**What the task asks**: Copy nothing from the entries below except the lines from the one containing "Le crâne de" through the one containing "慕思之夜携手梁咏琪,在广州海心沙送福利迎跨年!_好运", and copy those exactly.

**Input records**:
____________

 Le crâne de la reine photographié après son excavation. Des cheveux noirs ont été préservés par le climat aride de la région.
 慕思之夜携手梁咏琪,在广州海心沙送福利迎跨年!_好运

____________

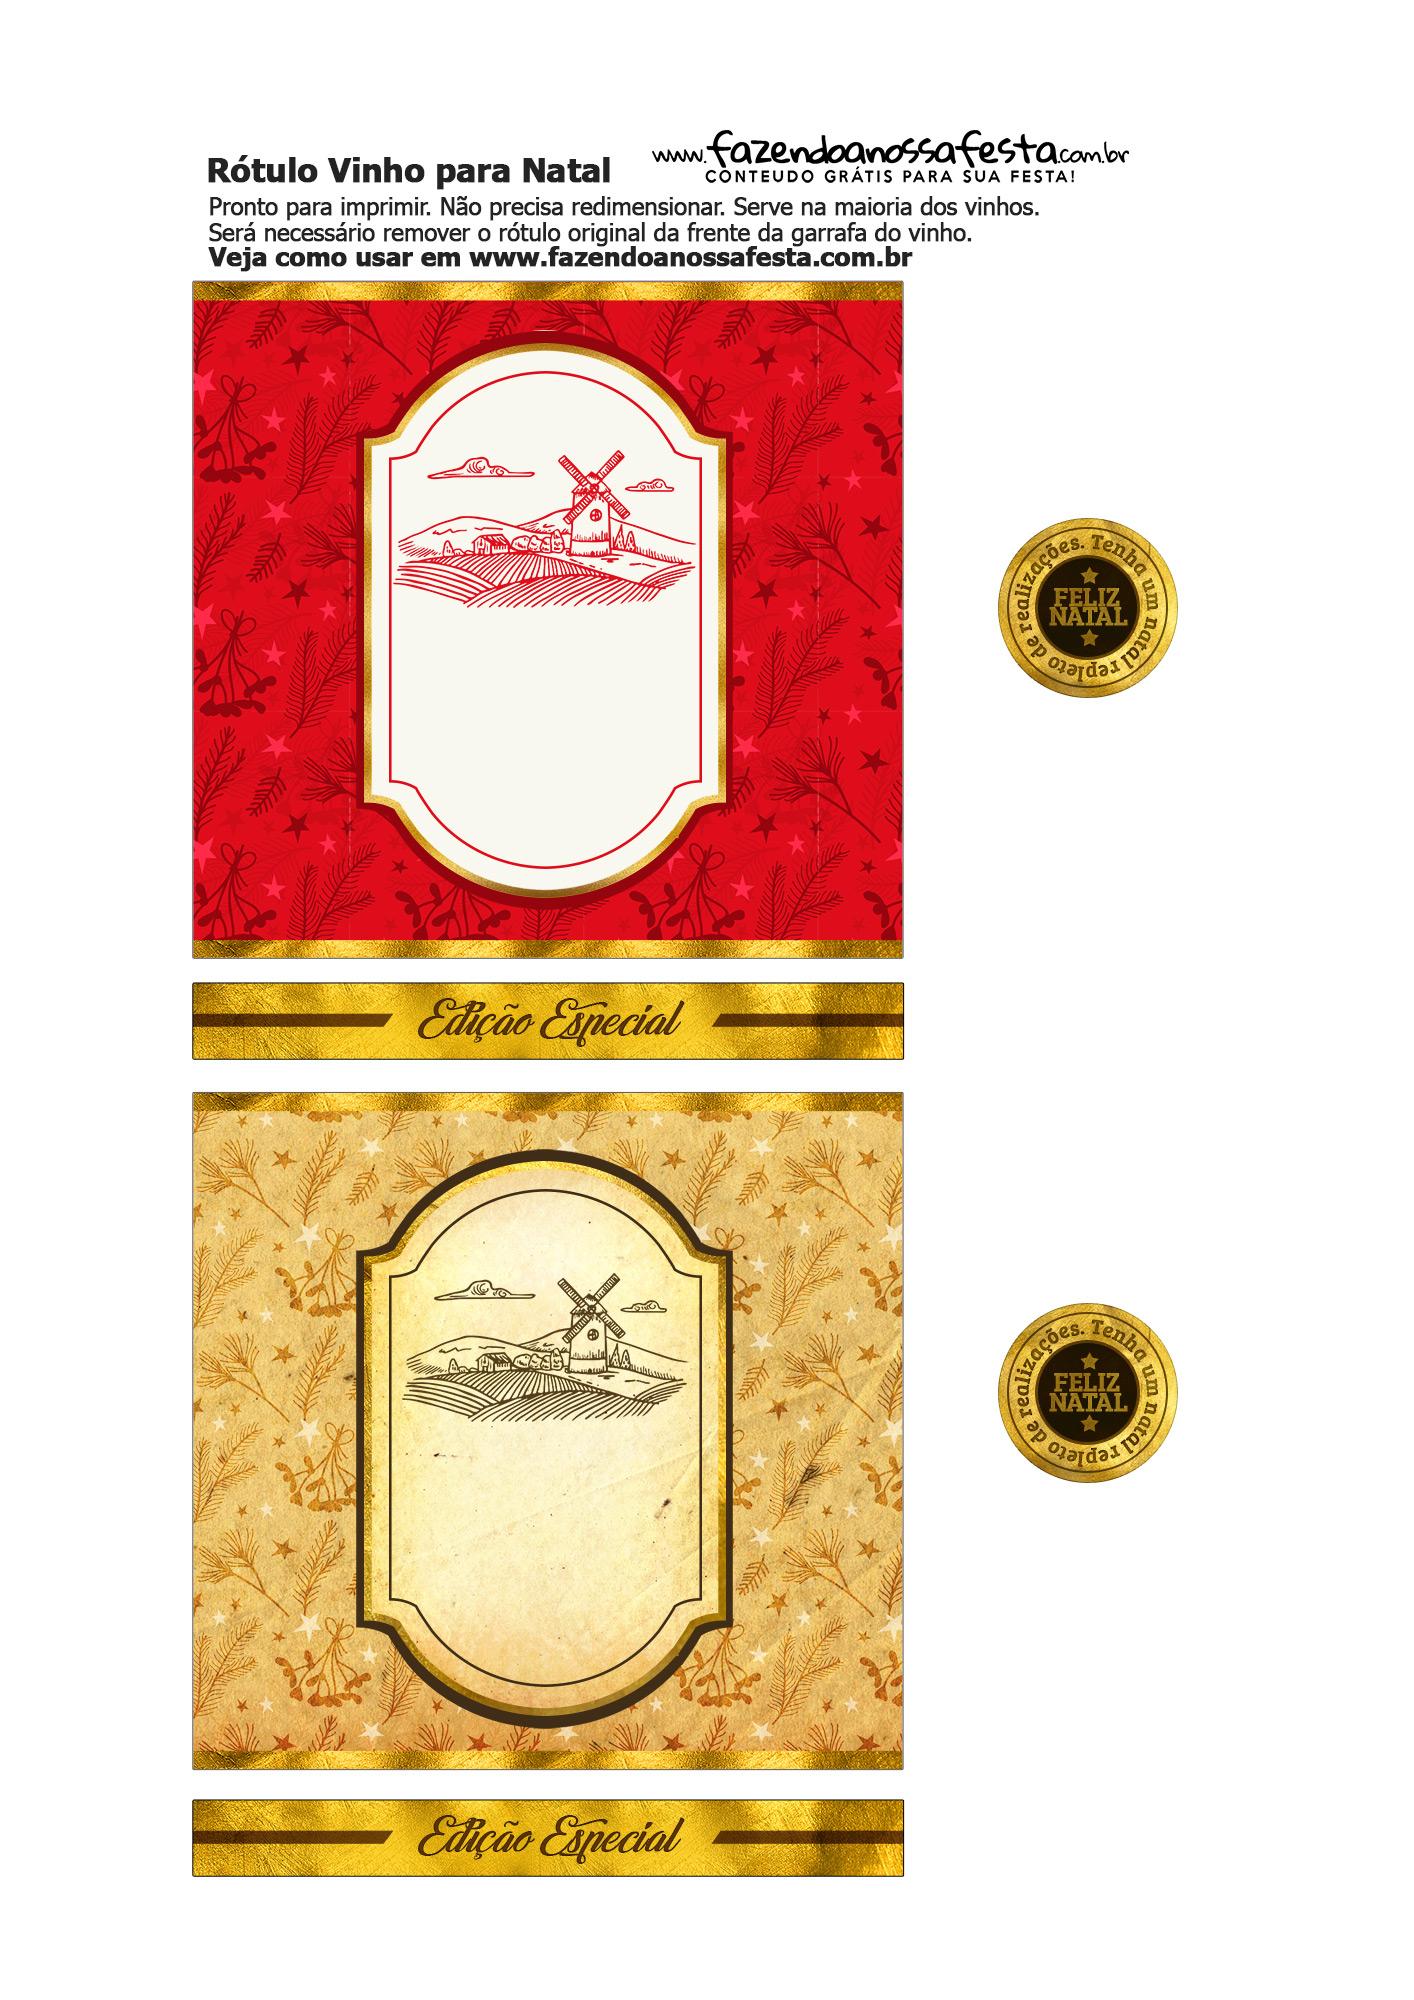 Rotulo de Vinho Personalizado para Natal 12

____________

**Your solution**:
 Le crâne de la reine photographié après son excavation. Des cheveux noirs ont été préservés par le climat aride de la région.
 慕思之夜携手梁咏琪,在广州海心沙送福利迎跨年!_好运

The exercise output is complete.